Historically, we have seen significant drops in illiquid supply ahead of major rallies and corrections as well. For example, late 2020 experienced a similar outflow from cold wallets, which led to a significant bullish rally. It is unclear if this outflow will result in another rally or indicate that traders should be cautious.

Liquidity Surge Could Attract Institutional Traders

Increased Bitcoin market liquidity frequently draws institutional traders and market makers. As more coins come online, larger trading desks have more room to execute higher volumes with lower slippage. 

The entry of 62,000 BTC, worth billions at current prices, points to growing optimism around Bitcoin market depth. With an improving global risk appetite and ETF flows up, institutions may see this latest injection of liquidity as a sign of healthy market activity.

Glassnode Data Reveals a Broader Market Shift

Glassnode’s data has long been a reliable metric of on-chain sentiment. Their most recent report signals that coins held for at least 155 days, commonly classified in the Bitcoin illiquid supply, are beginning to come back online. 

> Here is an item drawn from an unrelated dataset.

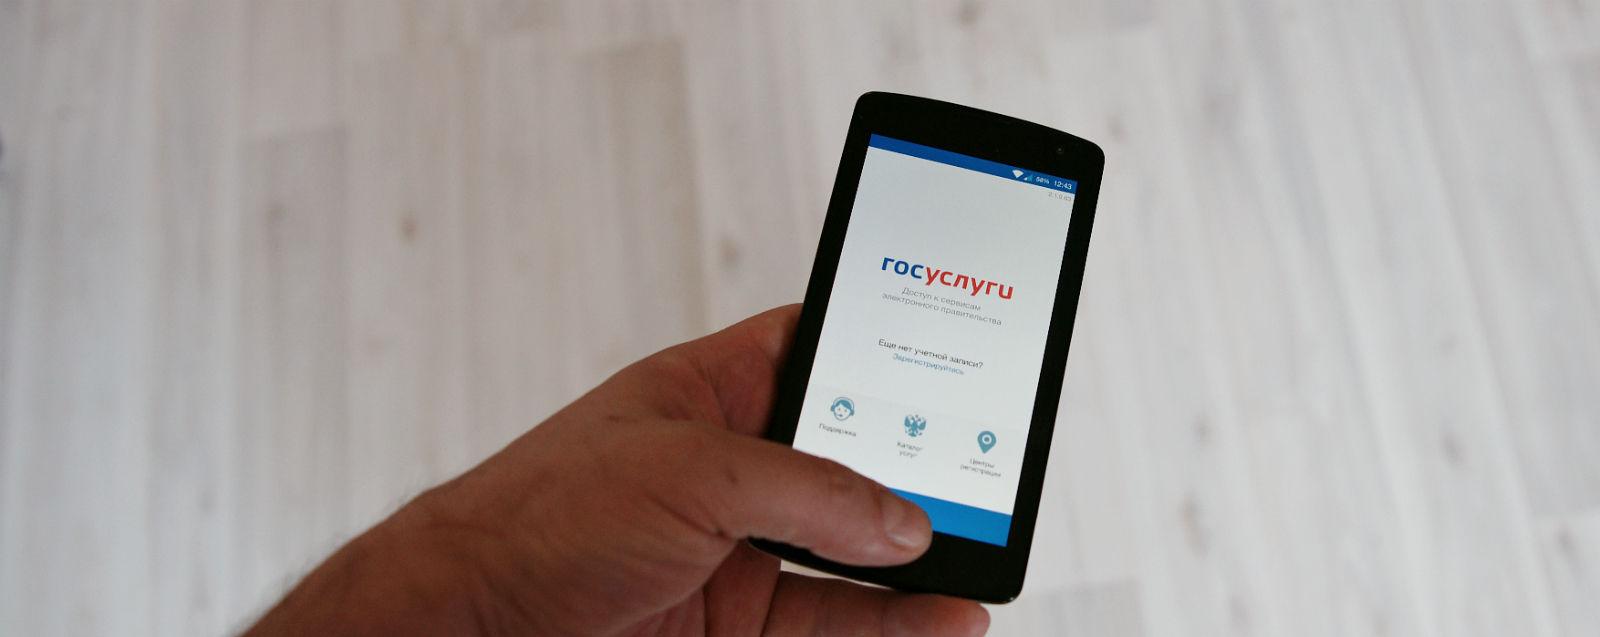 Оперативность обновления информации порой имеет большое значение ©Фото Юга.ру

This type of reactivation appears to be happening in conjunction with a longer-term trend of reduced holding time and more on-chain activity. As more addresses are sending coins to exchanges or a new wallet, liquidity also increases. The increased liquidity and increased inflows may also lead to more volatility over the coming weeks. 

Market analysts mention that an illiquid supply even decreasing – isn’t always a bearish indicator. This is instead is often a sign of reenergized trading interest and market activations following a long period of consolidation.

What This Means for the Bitcoin Market Ahead

The decrease in Bitcoin illiquid supply is a good reminder that on-chain data can give early warning signals of changing structure of the market. Increased supply can lead to more volatility and establish new trading opportunities.

If this trend continues, the next few weeks will likely see increased trading volumes, faster price fluctuations, and maybe some renewed momentum. Analysts will continue to watch to see whether the recently ‘reactivated’ BTC supply moves into exchanges or stays sitting in private wallets.